[WHAT NEEDS TO BE DONE]: All of the data below should come back exactly as written, minus its images.
*** INPUT DATA ***
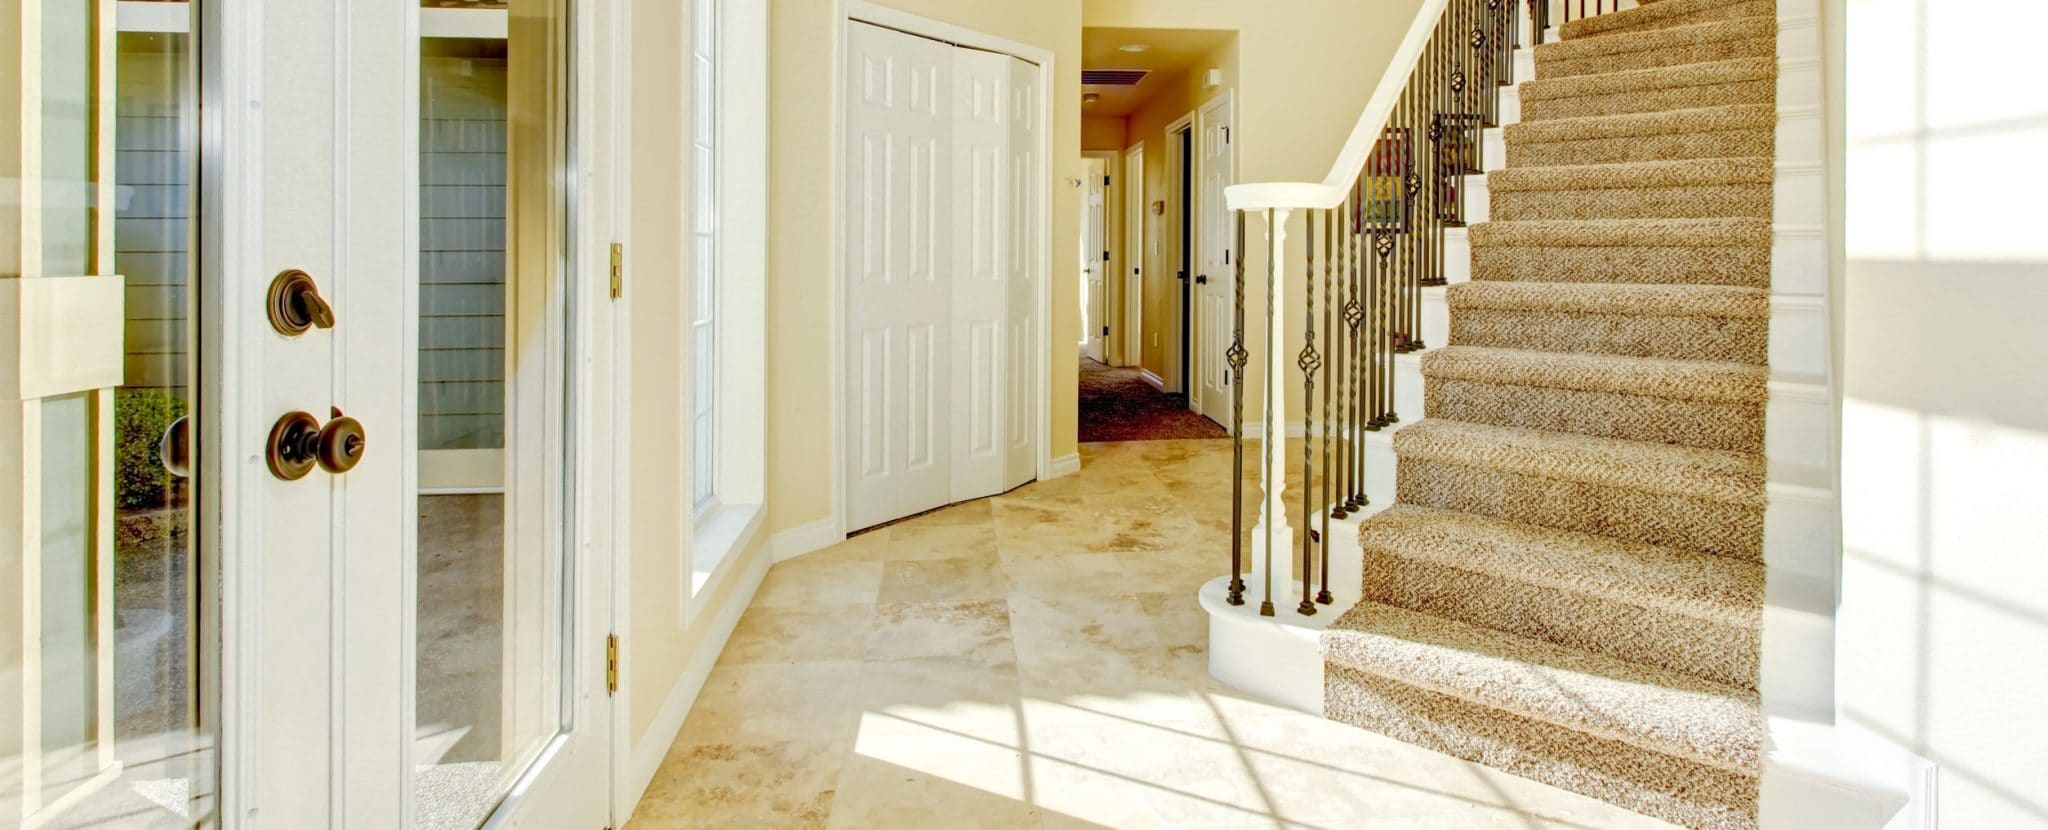 Entryway of a home
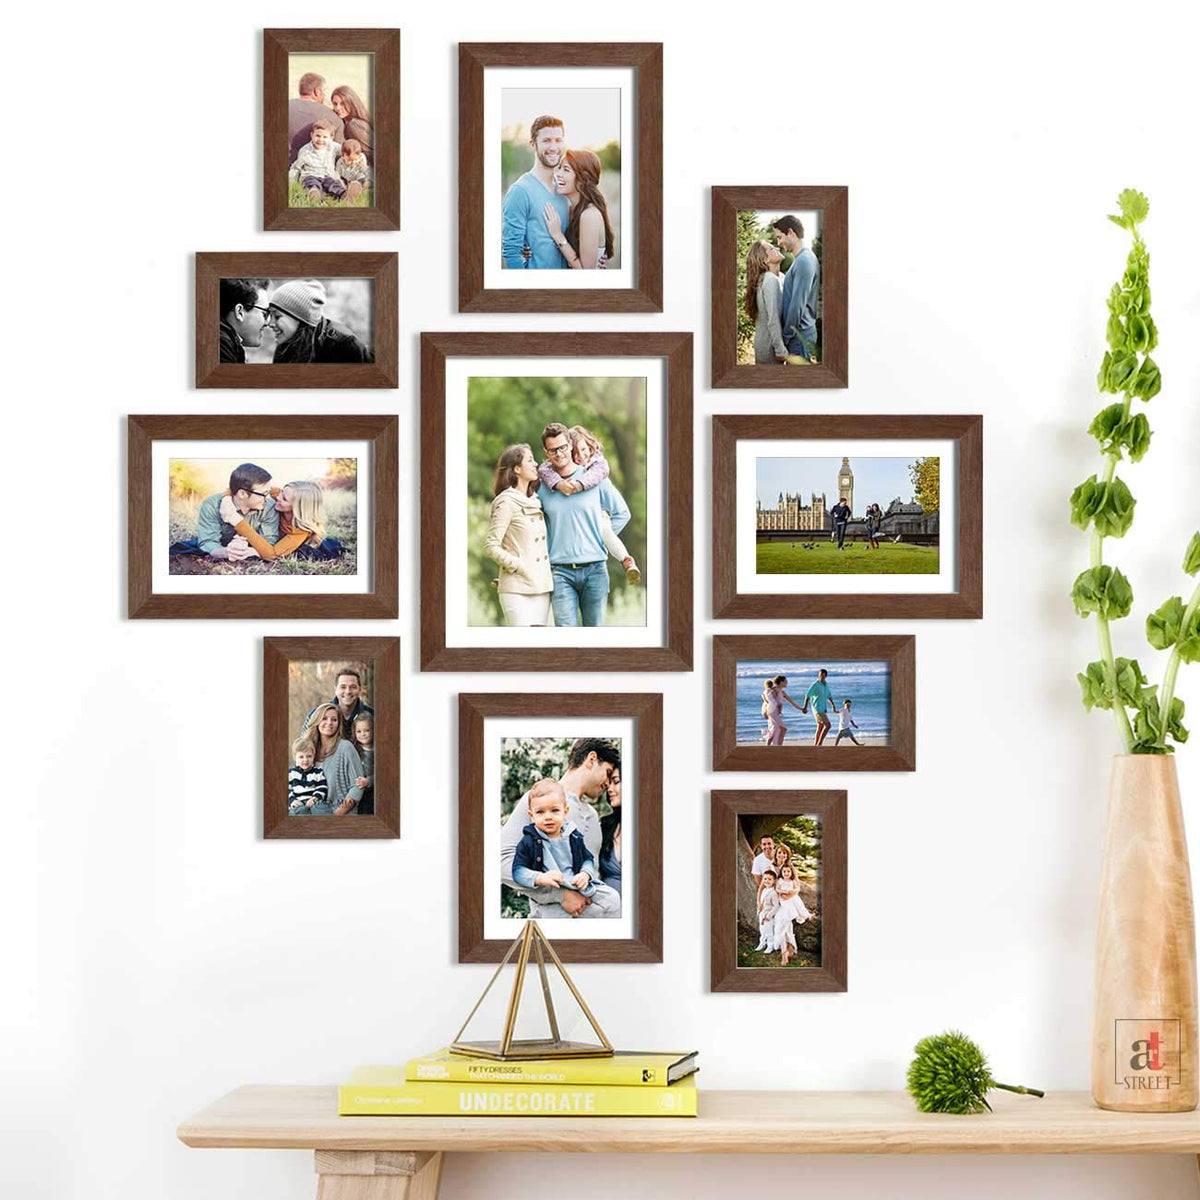 Gallery 24x36 Picture Frame With Mat 20x30 Poster 24x36, 49% OFF
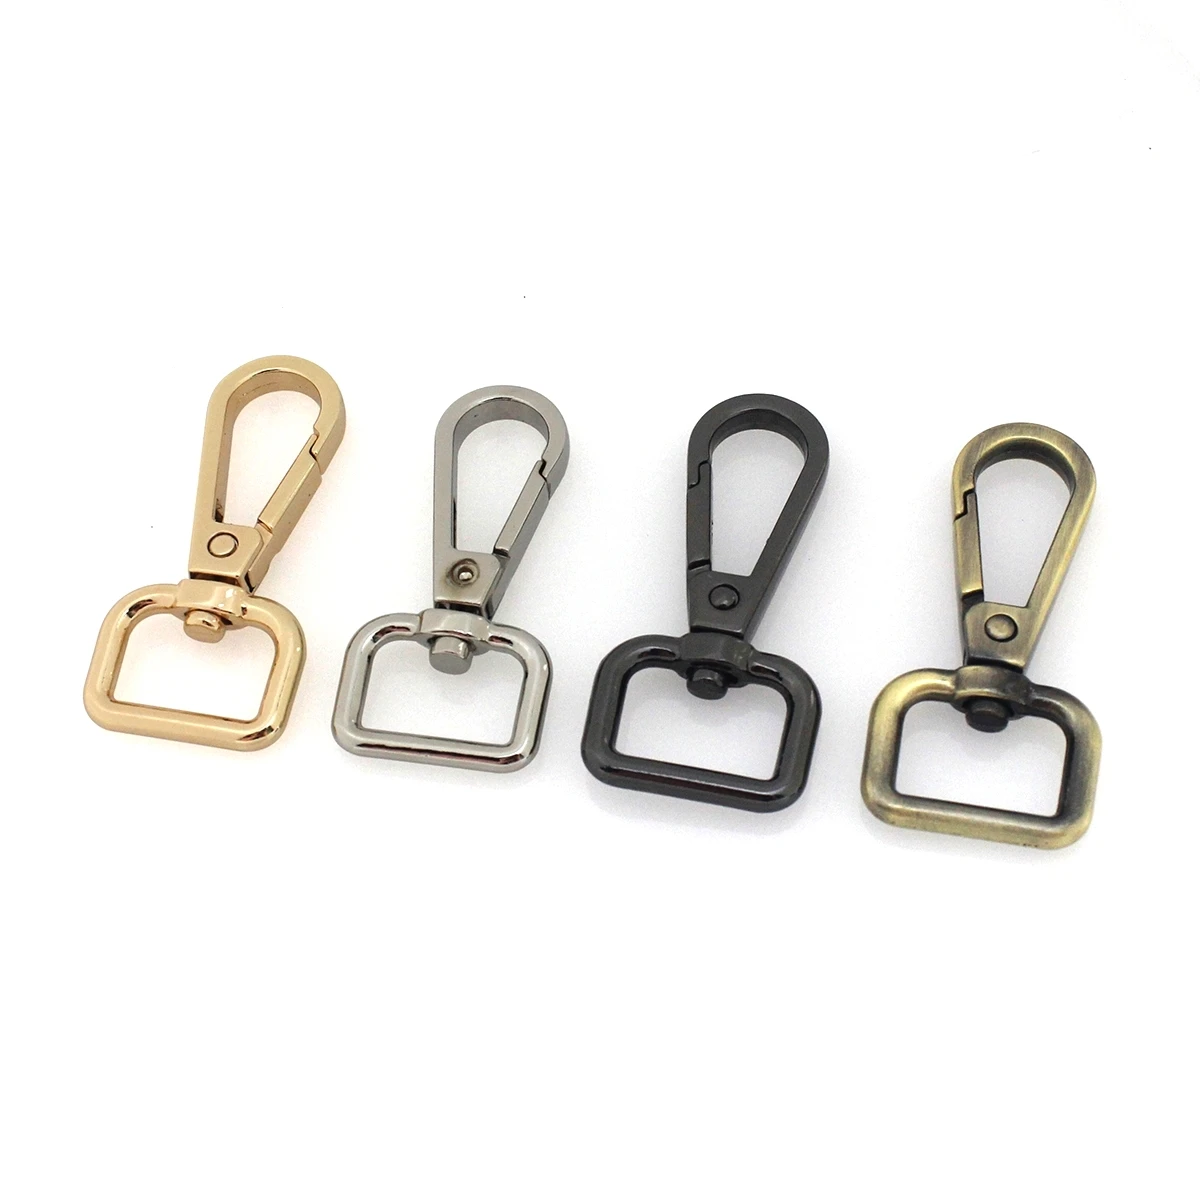 1x Snap Hook Stainless Steel Trigger Swivel Eye Bolt For webbing Leather  Craft Bag Strap Belt Clasp Pet Dog Leash Clip Quality - AliExpress
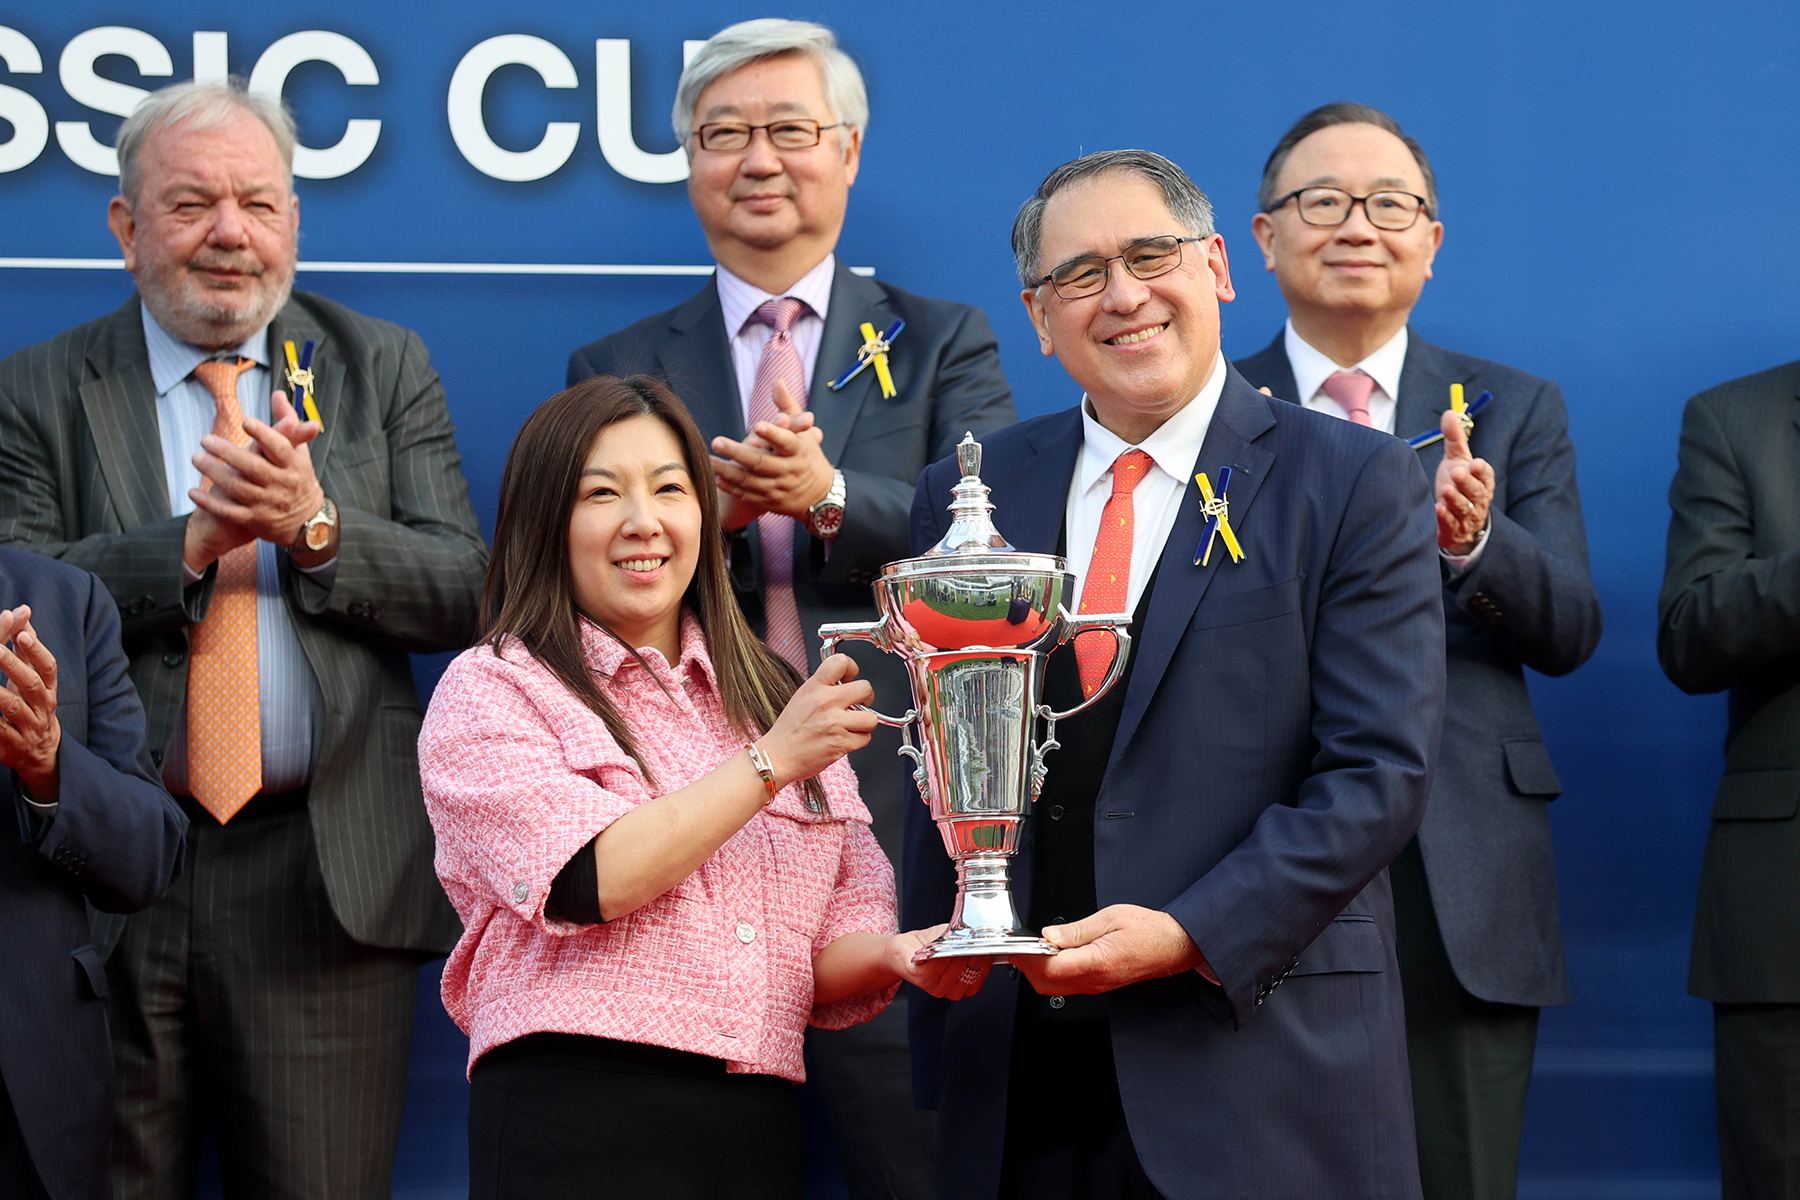 At the presentation ceremony, Club Steward Mr Lester G Huang presents the Hong Kong Classic Cup trophy and gold-plated dishes to Super Sunny Sing’s owner Ms Janice Wong Oi Ying, as well as winning trainer Chris So and jockey Vincent Ho.
***
[TASK RESPONSE]:
 Entryway of a home
 Gallery 24x36 Picture Frame With Mat 20x30 Poster 24x36, 49% OFF
 1x Snap Hook Stainless Steel Trigger Swivel Eye Bolt For webbing Leather  Craft Bag Strap Belt Clasp Pet Dog Leash Clip Quality - AliExpress
 At the presentation ceremony, Club Steward Mr Lester G Huang presents the Hong Kong Classic Cup trophy and gold-plated dishes to Super Sunny Sing’s owner Ms Janice Wong Oi Ying, as well as winning trainer Chris So and jockey Vincent Ho.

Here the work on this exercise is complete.